2. Как было выше указано, афоризмы при отдельных чертах повествуют о последовательном развитии ситуации. При этом первая позиция характеризует лишь самое начало данного процесса, когда он еще не выявлен со всей типичностью его. Вторая позиция характеризует апогей внутреннего развития данной ситуации так же, как пятая позиция – максимальное раскрытие его вовне. Третья позиция характеризует момент кризиса, перехода от внутреннего к внешнему. Поэтому, если прочитать подряд все афоризмы третьих позиций, то, несмотря на весь встречающийся иногда лаконизм их, выступает их общая черта – опасность положения. Например: «Ожидание в тине. Близится приход разбойников» (гекс. 5). «В войске может быть воз трупов. Несчастье» (гекс. 7). «И кривой может видеть! И хромой может наступать! Но если наступишь на хвост тигра, так что он укусит тебя, то будет несчастье. Воин все же действует ради великого государя» (гекс. 10). «Стропила прогибаются. Несчастье» (гекс. 28). «Связанному беглецу будет болезнь и опасность. Держащему слуг и служанок – счастье» (гекс. 33) и т. д., и т. п. Четвертая позиция характеризует начало проявления данного процесса вовне. Поэтому она столь же мало типична, сколь и первая. Однако на ней сказывается благотворное влияние приближающейся пятой позиции. Поэтому и афоризмы четвертой позиции не так мрачны, как предыдущие. Пятая позиция уже указана в связи со второй. Шестая же позиция представляет собой завершение или переразвитие процесса данной ситуации, в котором она или теряет свою типичность, или превращается в свою противоположность. Последнее особенно характерно выражено в гексаграммах 11 и 12.

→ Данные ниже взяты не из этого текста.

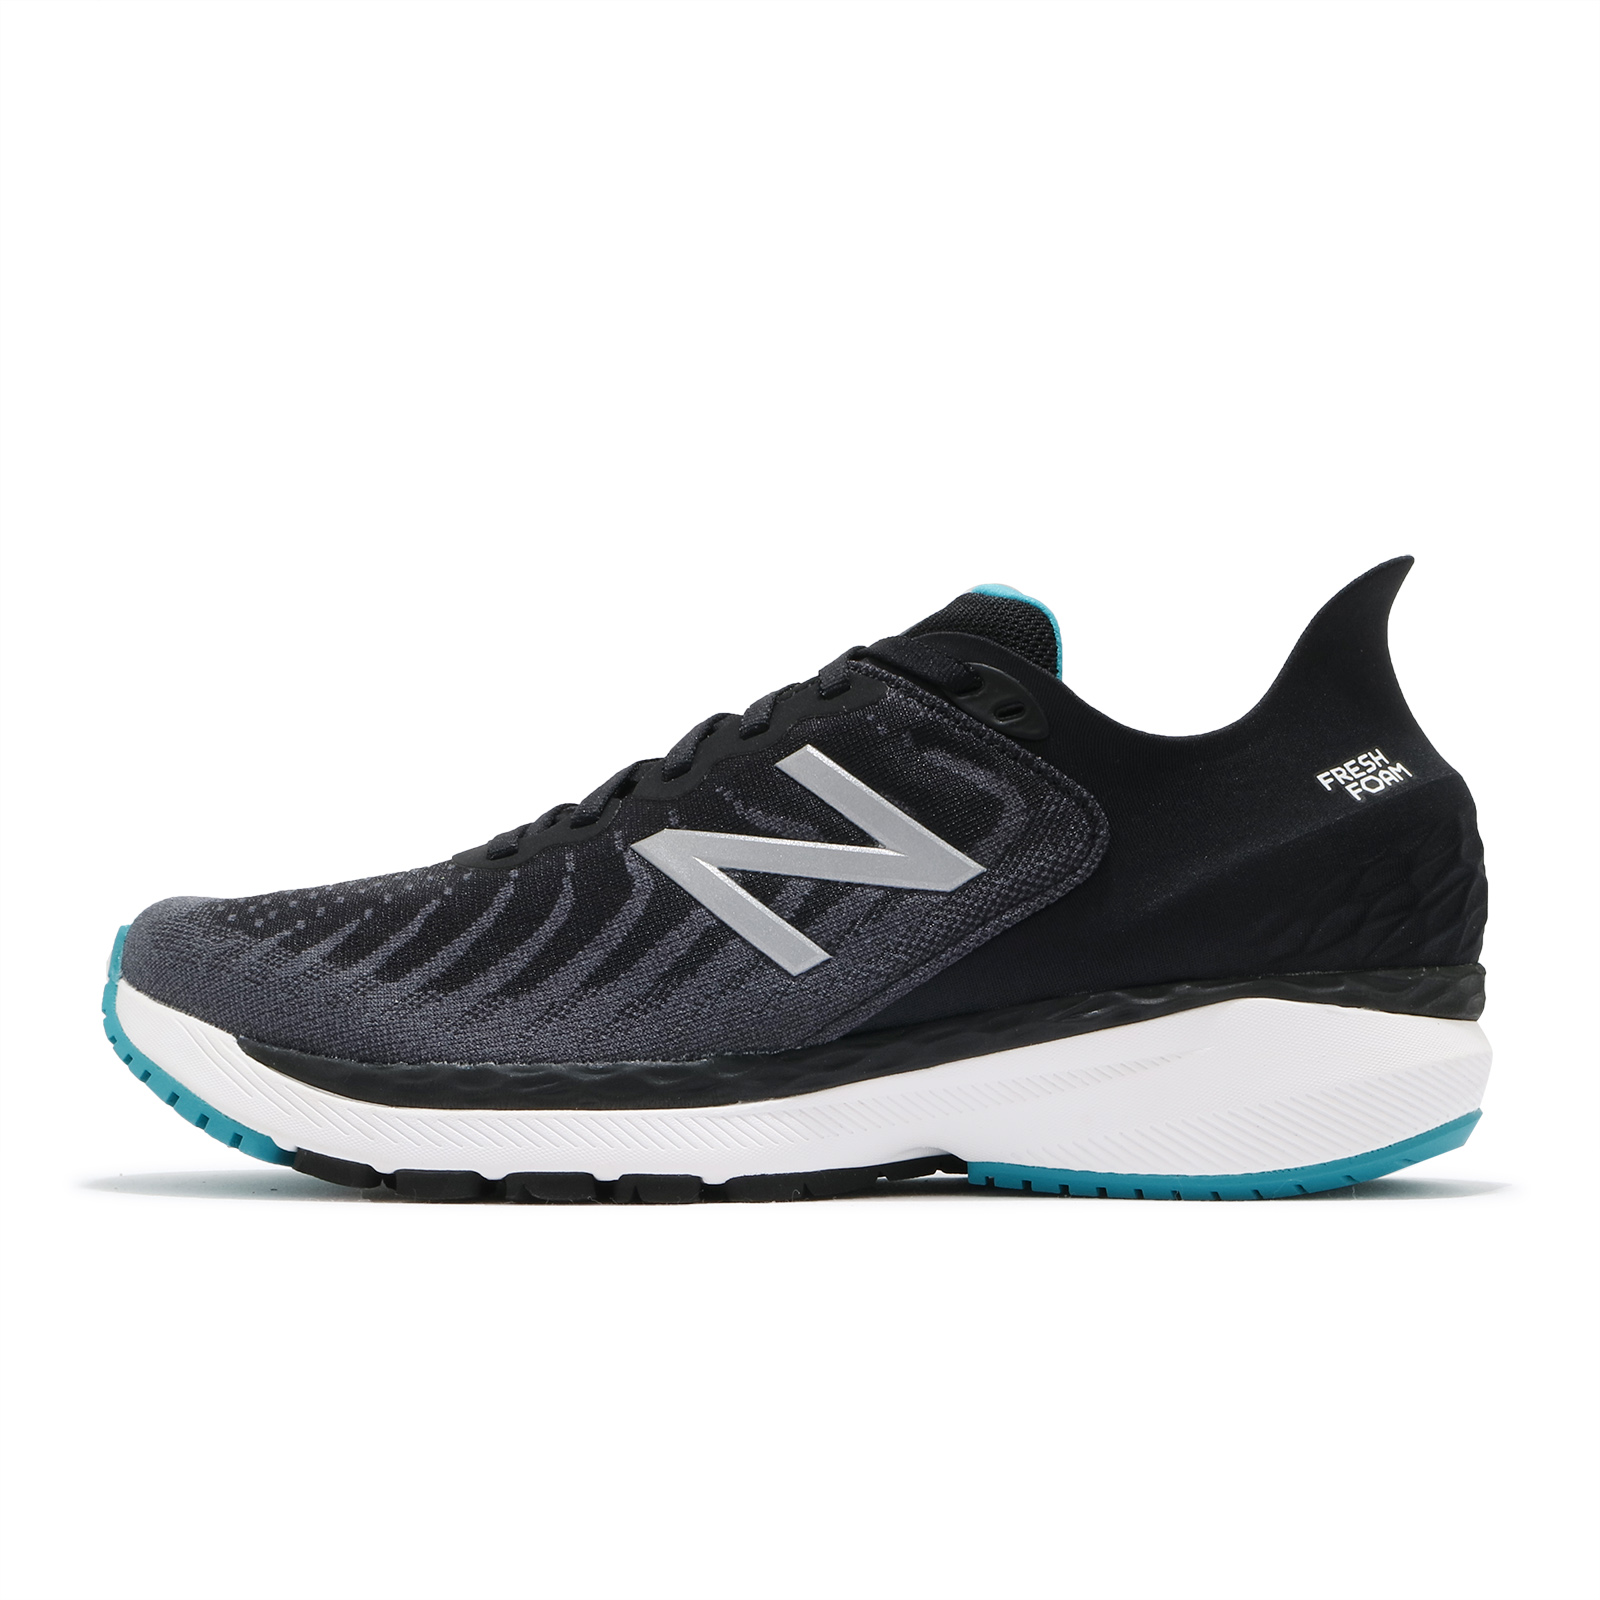 New Balance 慢跑鞋 860 超寬楦 男 支撐型 黑 銀 路跑 馬拉松 運動鞋【ACS】 M860N114E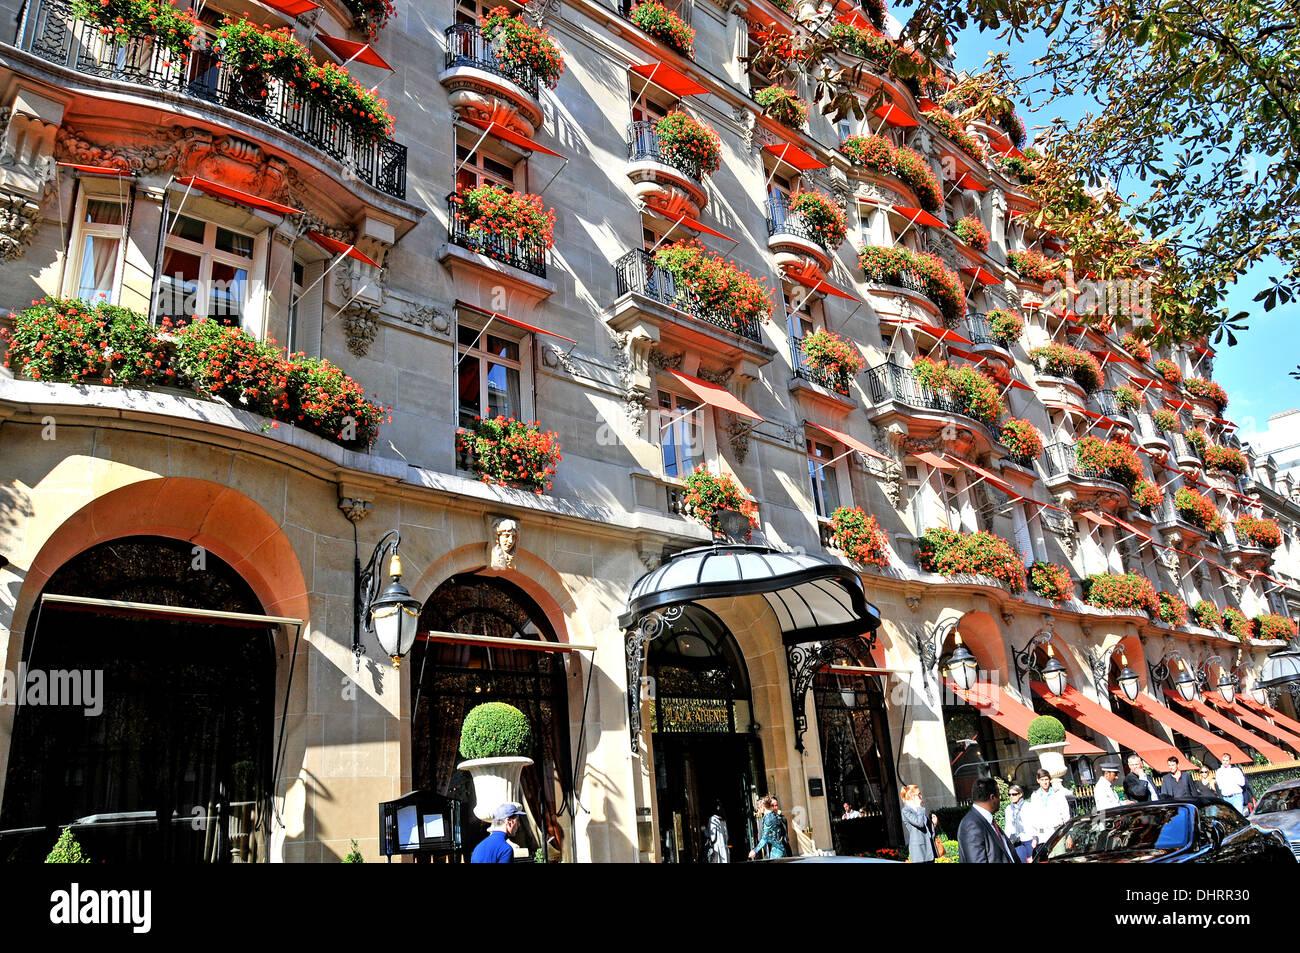 Plaza Athen U00e9e Palace Hotel Montaigne Avenue Paris France

3. Необходимо всегда иметь в виду, что основной текст теснейшим образом связан с гексаграммами, триграммами и чертами, их составляющими. Поэтому для того, чтобы вдуматься в значение того или иного афоризма, совершенно необходимо рассматривать его с учетом их символики, указанной во введении к настоящей работе.
4. Связь афоризмов друг с другом, их смену необходимо рассматривать как конкретизацию семи основных положений «Книги Перемен», унаследованных из этого реального текста всеми комментаторами, несмотря на все их различие, указанное выше. Эти семь положений ярче всего выступают в «Сицы-чжуань», однако при достаточном размышлении можно убедиться, что они как своего рода обертоны присущи и основному тексту. Вот они в общих чертах:
1) мир представляет собою и изменчивость, и неизменность, и, более того, их непосредственное единство;
2) в основе этого лежит проходящая через весь мир полярность, антиподы которой столь же противоположны друг другу, сколь и тяготеют друг к другу: в их отношениях проявляется мировое движение, как ритм;
3) благодаря ритму ставшее и еще не наступившее объединяются в одну систему, по которой будущее уже существует и в настоящем, как «ростки» наступающих событий;
4) необходимо и теоретическое понимание, и практическое осуществление этого; и если деятельность человека нормирована таким образом, то он гармонически включается в свое окружение;
5) таким образом исключается конфликт внутреннего и внешнего, и они лишь развивают друг друга тем, что внутреннее определяется внешним и творит во внешнем;
6) при этом личность уделяет достаточное внимание как себе, так и окружающему ее обществу, и, довольствуясь своим положением, находит возможность высшей формы творчества: творчества добра, а не выполнения каких бы то ни было правил прописной морали;
7) так, благодаря выдержанному единству абстракций и конкретности достигается полная гибкость системы.
Может показаться, что эти положения выражены слишком современным языком. Однако ведь в задачи автора настоящего исследования входит посильно сделать понятным читателю то, что ему непонятно в виде оригинального текста. Если вооружиться этими указаниями и приступить к чтению предлагаемого ниже перевода, то вряд ли «Книга Перемен» будет столь понятной, – конечно, лишь при условии активного внимания читателя к тексту. Пассивное же чтение «Книги Перемен», как занимательной беллетристики, – праздная трата времени.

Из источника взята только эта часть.